Question
Let $\xi_{19} \in G_{19}$ be a primitive root of unity. Find $\Re\sum_{k=1}^9\xi_{19}^{k^2}$.
Attempt
I'm having doubts about how I'm solving this exercise, this is what I did:
$$ \Re\left(\sum_{k=1}^9\xi_{19}^{k^2}\right)=\sum_{k=1}^9\Re\left(\xi_{19}^{k^2}\right)\\ =\Re\xi^1+\Re\xi^4+\Re\xi^9+\Re\xi^{16}+\Re\xi^{25}+\Re\xi^{36}+\Re\xi^{49}+\Re\xi^{64}+\Re\xi^{81}\\ =\Re\xi^1+\Re\xi^4+\Re\xi^9+\Re\xi^{-3}+\Re\xi^{6}+\Re\xi^{-2}+\Re\xi^{-8}+\Re\xi^{7}+\Re\xi^{5}\\ =\Re\xi^1+\Re\xi^4+\Re\xi^9+\Re (\overline\xi)^{3}+\Re\xi^{6}+\Re(\overline\xi)^{2}+\Re(\overline \xi)^{8}+\Re\xi^{7}+\Re\xi^{5} $$
Also, using $\Re(z)=\Re(\overline z)$, the sum is then simplified to:
$$\Re \sum_{k=1}^{9}\xi^i=\Re \frac {\xi^{10}-\xi}{\xi-1} .$$
Is what I did thus far correct? Can this be simplified further?

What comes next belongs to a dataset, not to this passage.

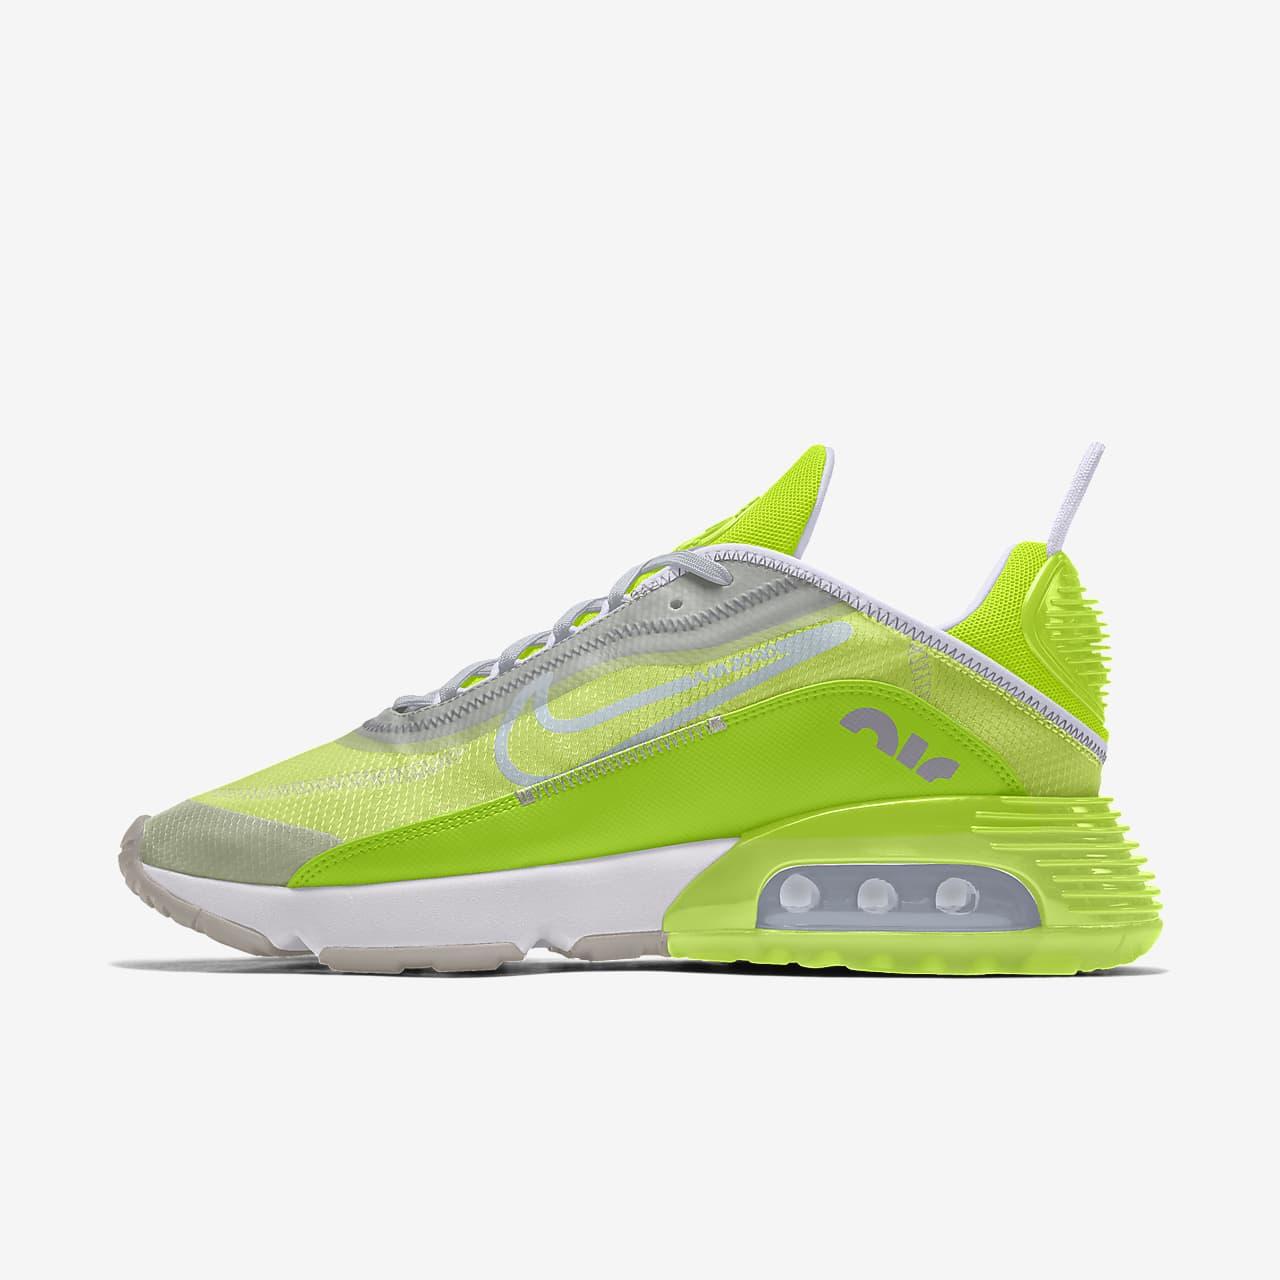 Nike Air Max 2090 By You Custom Schoen

I'm not exactly sure how exactly you got rid of the squares in the exponents. That step definitely lacks justification and is probably incorrect.
Here's what you can do:
Let $A = \sum_{k=1}^{9}\xi_{19}^{k^2}$ and $B = \sum_{k=1}^{9}\xi_{19}^{-k^2}$. Note that the exponents in $A$ and $B$ are precisely the sets of all squares and non-squares mod $19$. (Excluding $0$.) Then we can verify that $$ AB = 9+4\sum_{k=0}^{18}\xi_{19}^{k} = 5,$$ by verifying that the pairwise sums of all squares and non-squares in $\mathbb F_{19}$ will give every $x\neq 0$ precisely $4$ times and $0$ precisely $9$ times.(*)
On the other hand $1+A+B = \sum_{k=0}^{18}\xi_{19}^{k} = 0$. So we may solve the system for $A$ and $B$. We find $$ A,B = \frac{-1\pm\sqrt{-19}}{2}, $$ and thus $\Re A=\Re B=-1/2$.
(*) I have checked this fact using the programming language Python, but it is probably not too hard to check it by hand.